Open batmanzmc opened 7 years ago
Hi @batmanzmc,
Your agent will be evaluated only against the challenge agent.
Hope it helps, Morgan
@mfuntowicz ,thanks!
Hi @mfuntowicz,
But isn't the challenge to "train collaborative AI solutions that learn to achieve high scores across a range of partners"?
I mean, only playing against the challenge agent has the same complexity as any simple atari game.
Thank you for your support :)
Dominik
PS: You should update the callenge paper, if the evaluation is really only done by playing against the challenge agent ;)
Hi @domin1101
You're right, the challenge aims to provide an agent able to adapt itself to various behaviours.
The PigChaseChallengeAgent shipped with the challenge source code aims to this, as it randomly selects its behaviour between a Random agent (taking actions uniformly sampled from the set of actions available) and the Focused agent which uses an A* algorithm to move asap to the pig.
Ideally, your agent would to be able to:
1) Identify the collaborative behaviour (or not) of the agent it's playing with 2) Adapts its own behaviour according to agent it's playing with (ie 1.)

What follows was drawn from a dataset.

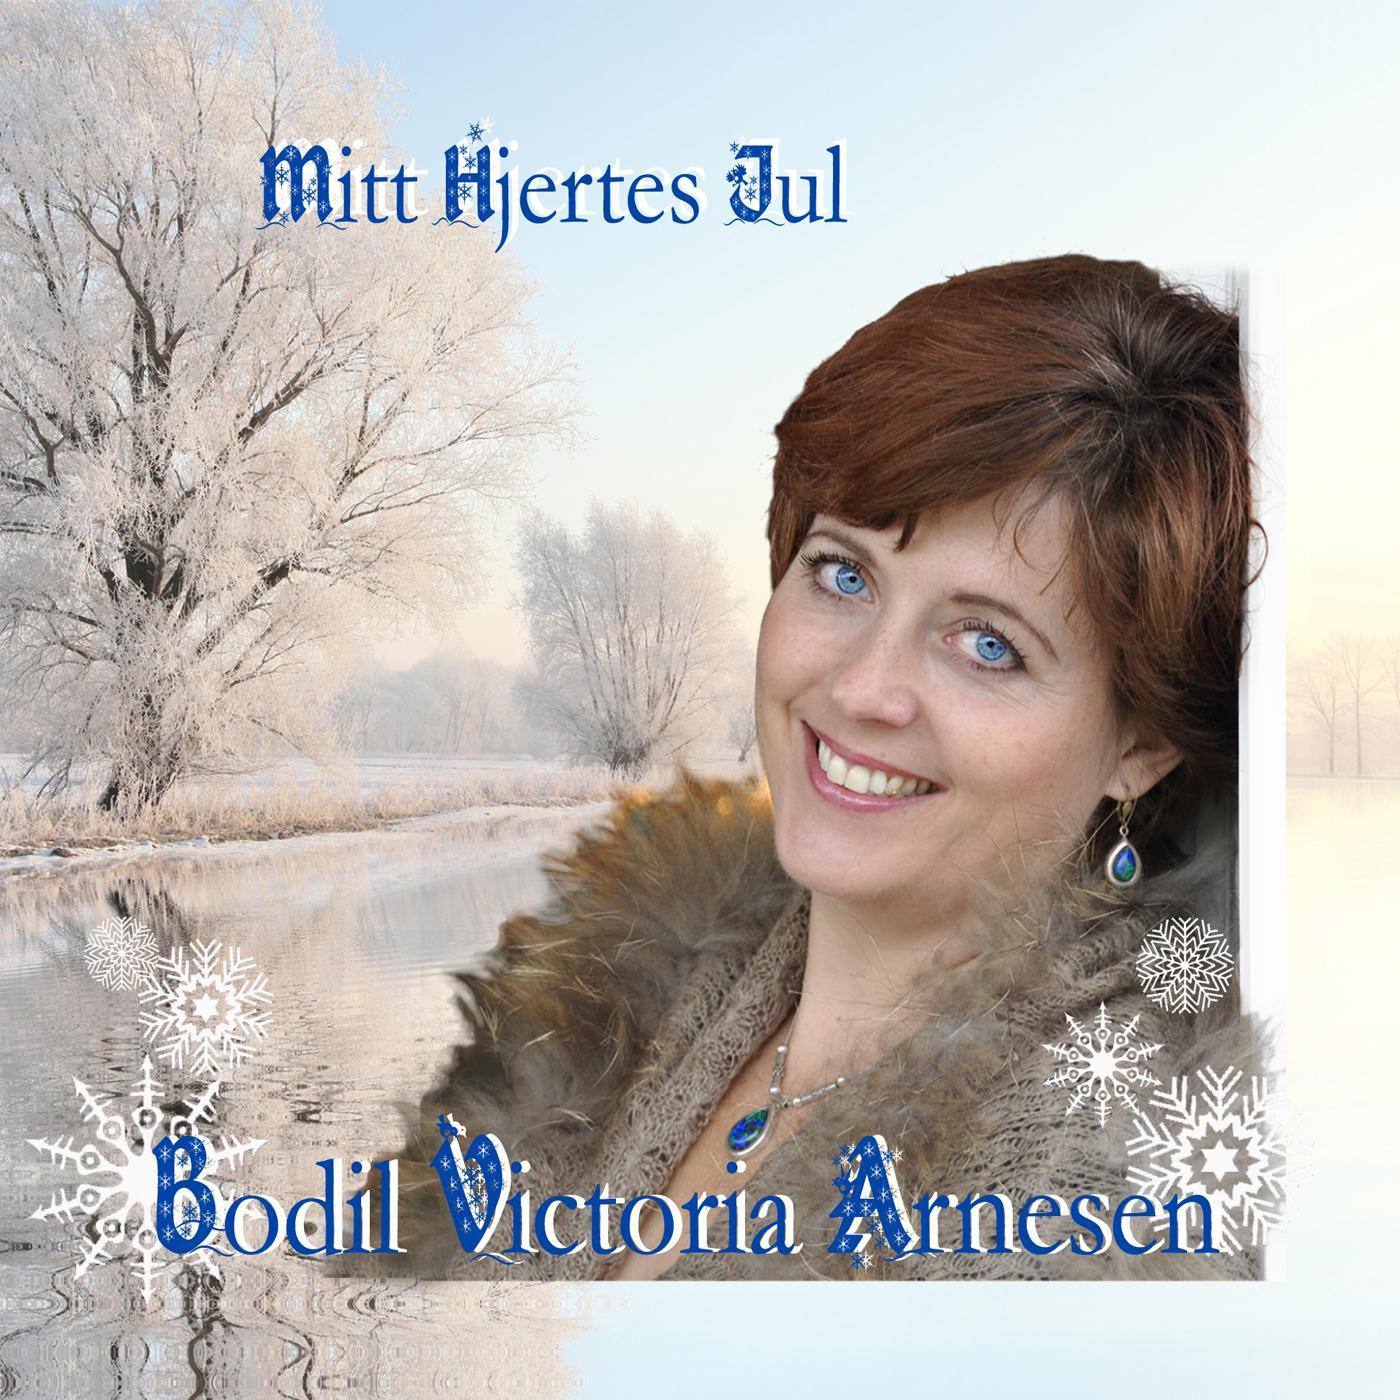 Mitt Hjertes Jul (Christmas in My Heart)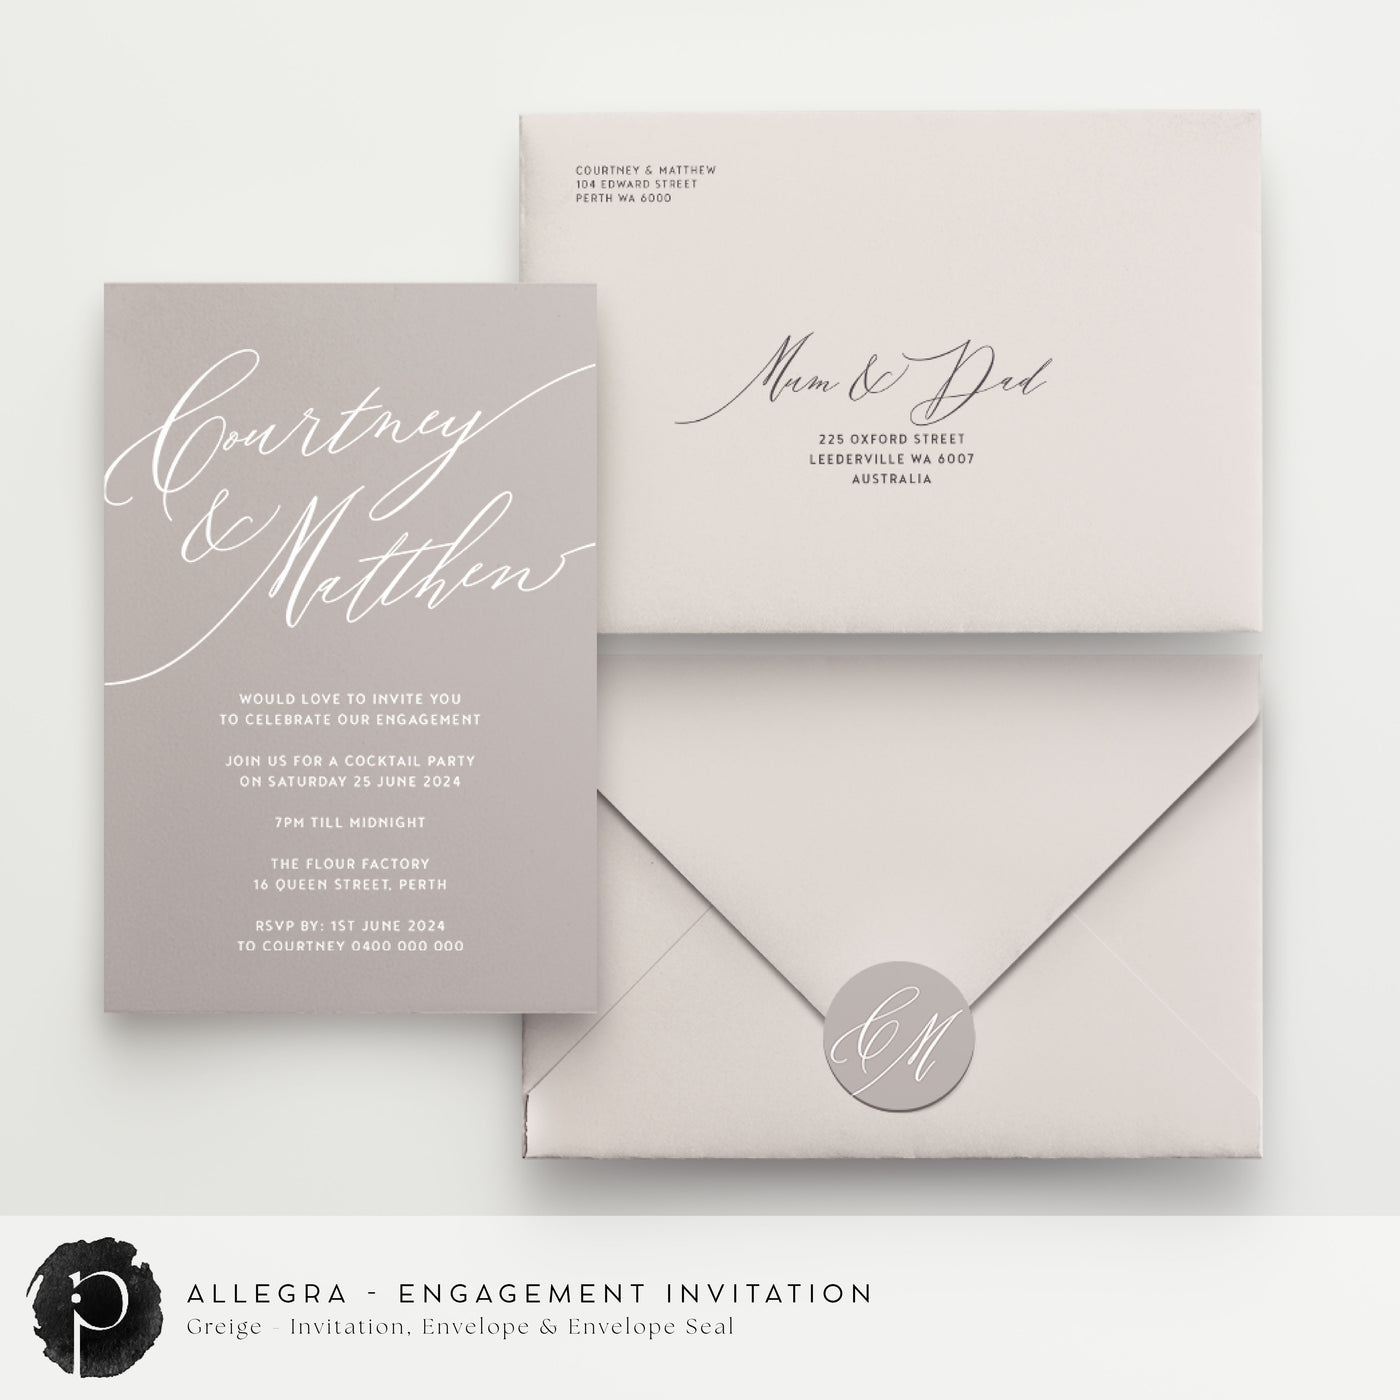 Allegra - Engagement Invitations

The PigChase agent helmet changes according to the way it behaves
Hope it clarify a little bit regarding your question :)
Morgan
@mfuntowicz Hi, in your evaluation.py, you compute the mean score of each step rather than each episode? May I know why?
Hi @Haishion,
We prefer average per-step reward because it reflects agent’s efficiency of obtaining rewards in tasks where rewards can be zero. In this particular task, rewards are non-zero and we expect average per-step and per-episode rewards to correlate.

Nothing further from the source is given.